Forward

Not so long ago, the last stage of human life was a personal, familial, or religious affair. Today, 90 percent of the 40 thousand Minnesotans who die each year, do so while under medical care.

Though dying has become increasingly “medicalized,” each death is a story, not a case. It is a personal and family story of profound choices, of momentous words and telling silences, and of acts of caregiving and abandonment that are recounted by the dying person’s loved ones from one generation to the next. Physicians appear in these stories sometimes as stalwart expert counselors, sometimes as high-tech disease warriors, and sometimes as ill-equipped or missing-in-action.

This reference guide will help physicians use hospice to improve end-of-life health care. Hospice is a tool that we do not use often or early enough.

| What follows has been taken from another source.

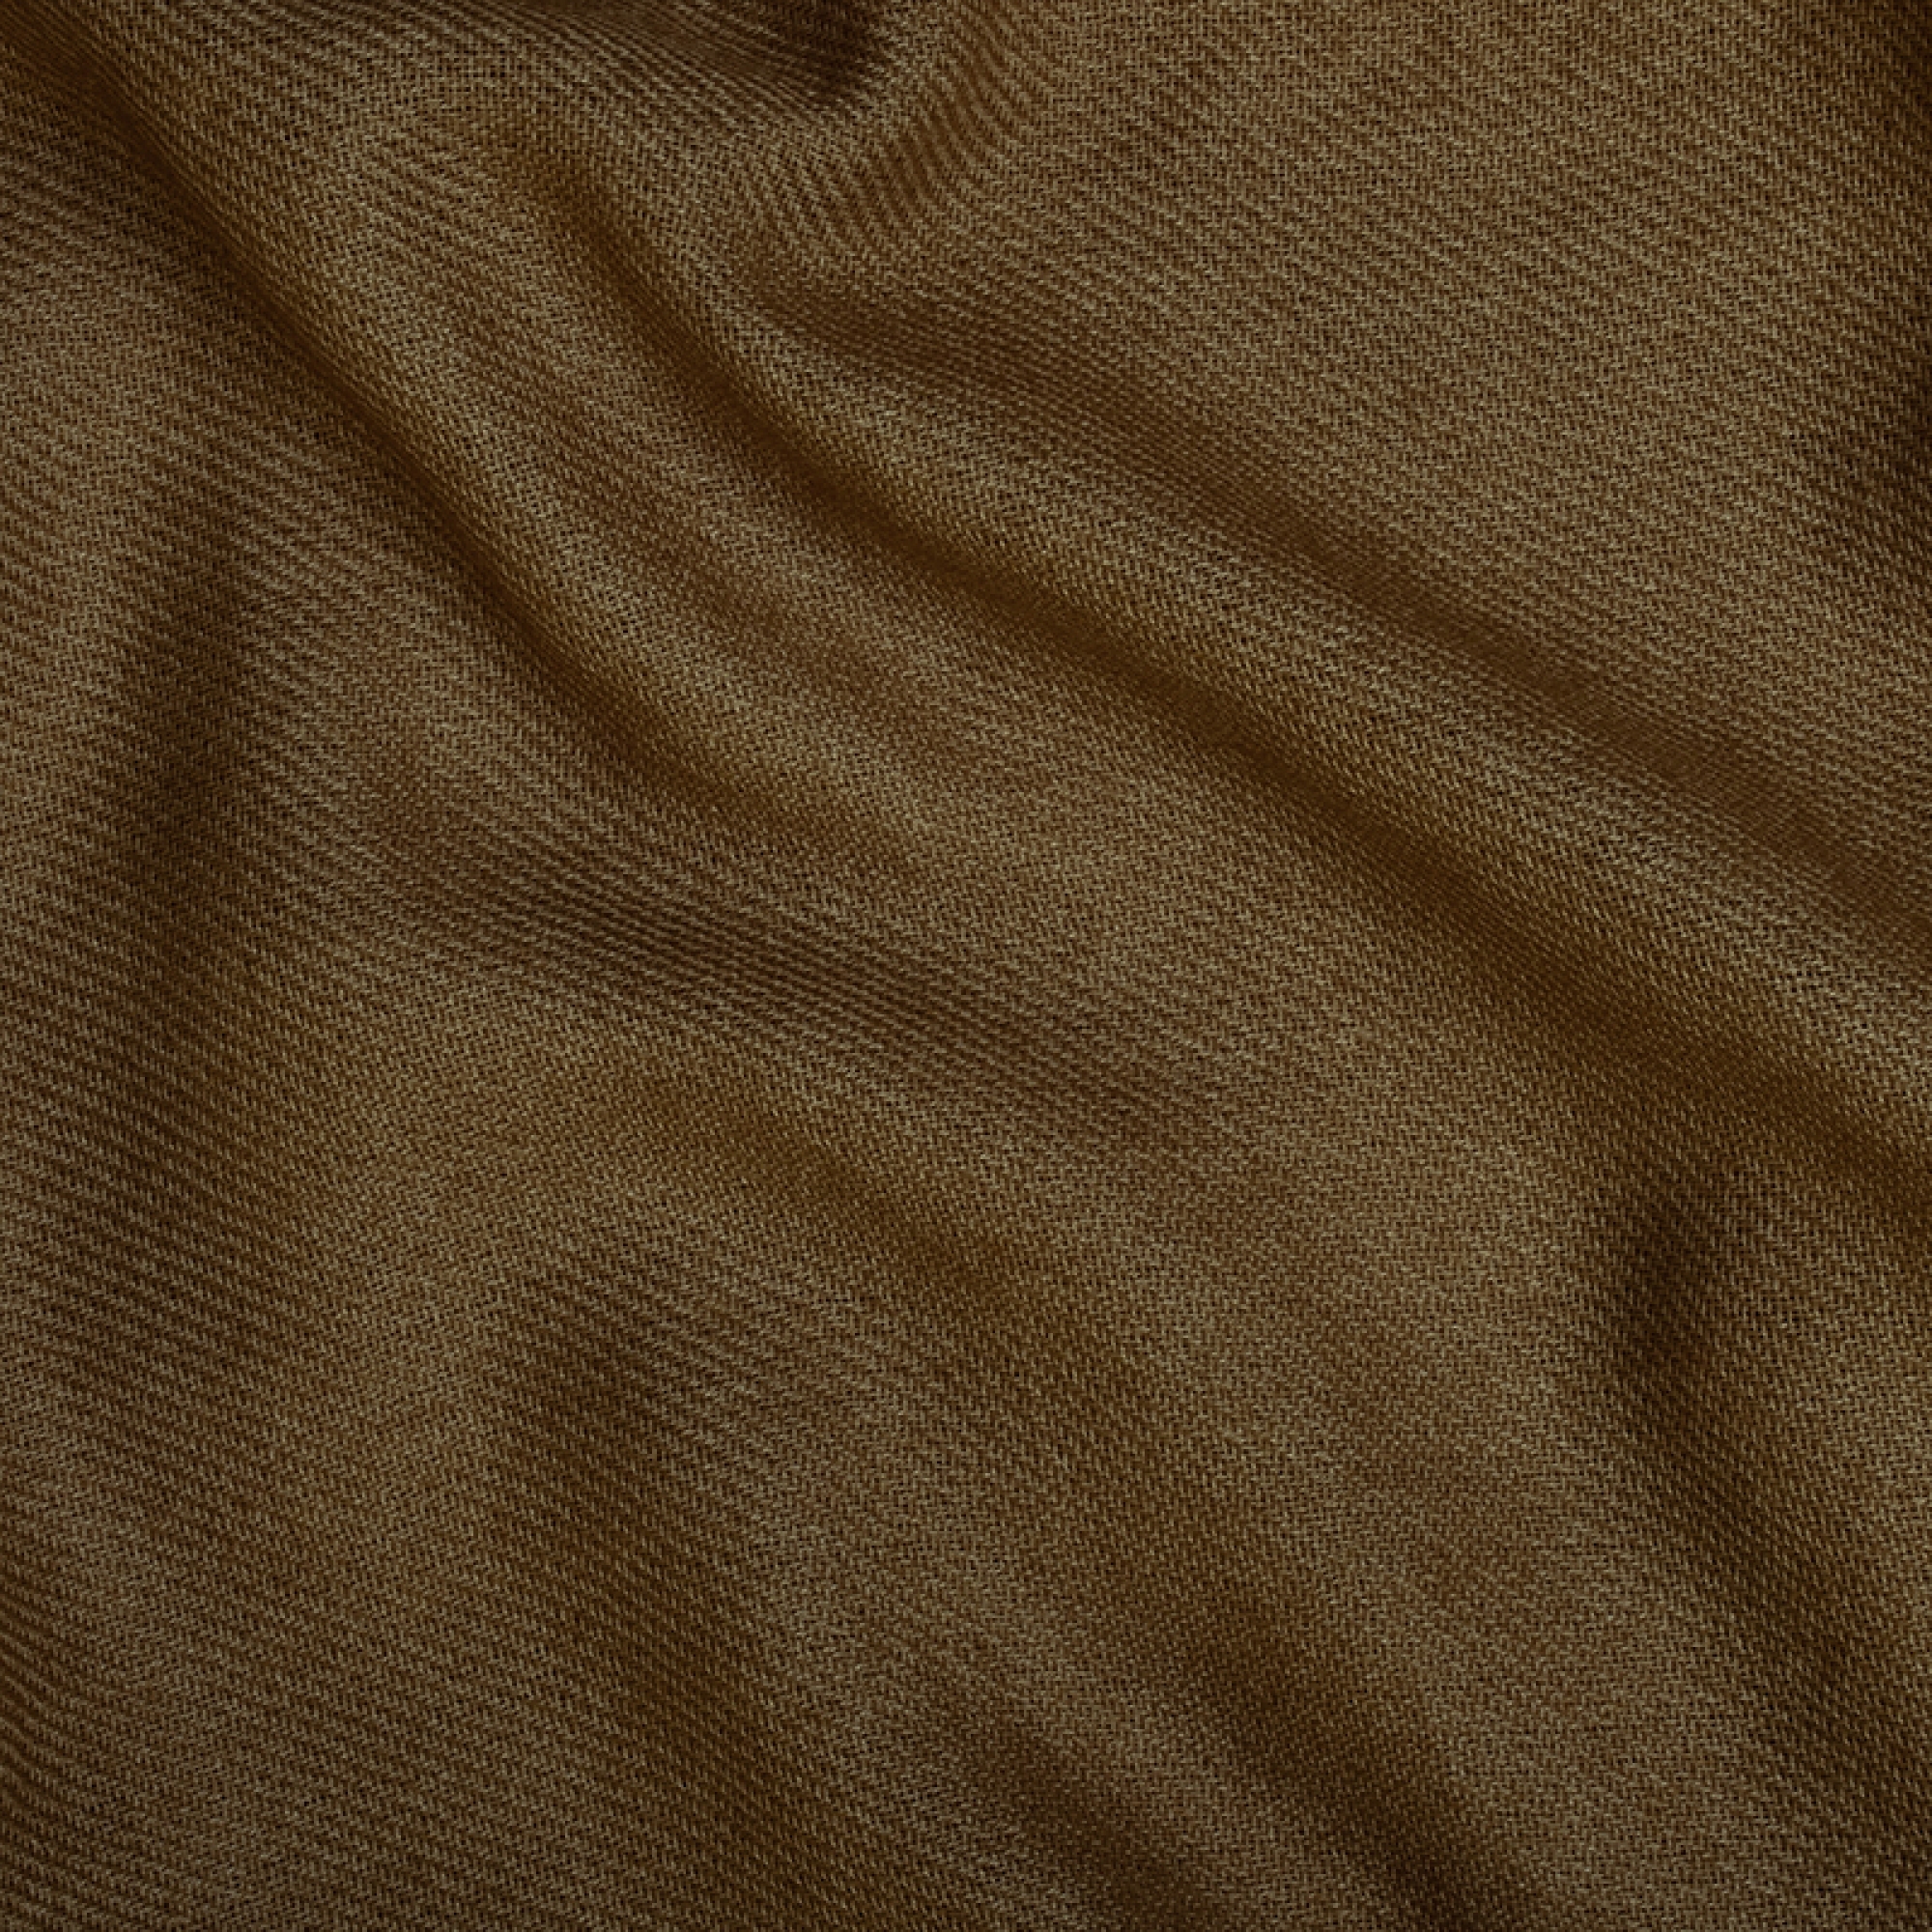 Cachemire accessoires couvertures plaids toodoo plain m 180 x 220 bronze 180 x 220 cm

Hospice is not for every dying person. There are times when valiant efforts to forestall a premature or unanticipated death are warranted. But most patients die after a long and ultimately losing struggle with chronic and progressive or terminal diseases, diseases like cancer or heart disease or Alzheimers disease or AIDS. High-quality, end-of-life care often requires more than “do not” orders and good primary care. These patients have special needs for pain control, to have dying occur under the direct care of supportive (and supported) loved ones, or to have intensive and sustained palliative care that is nonintrusive and effective. For them, the multidisciplinary and specialized care of hospice is most likely the answer.

As a trusted counselor, you are the key to the timely referral and use of hospice to improve end-of-life care.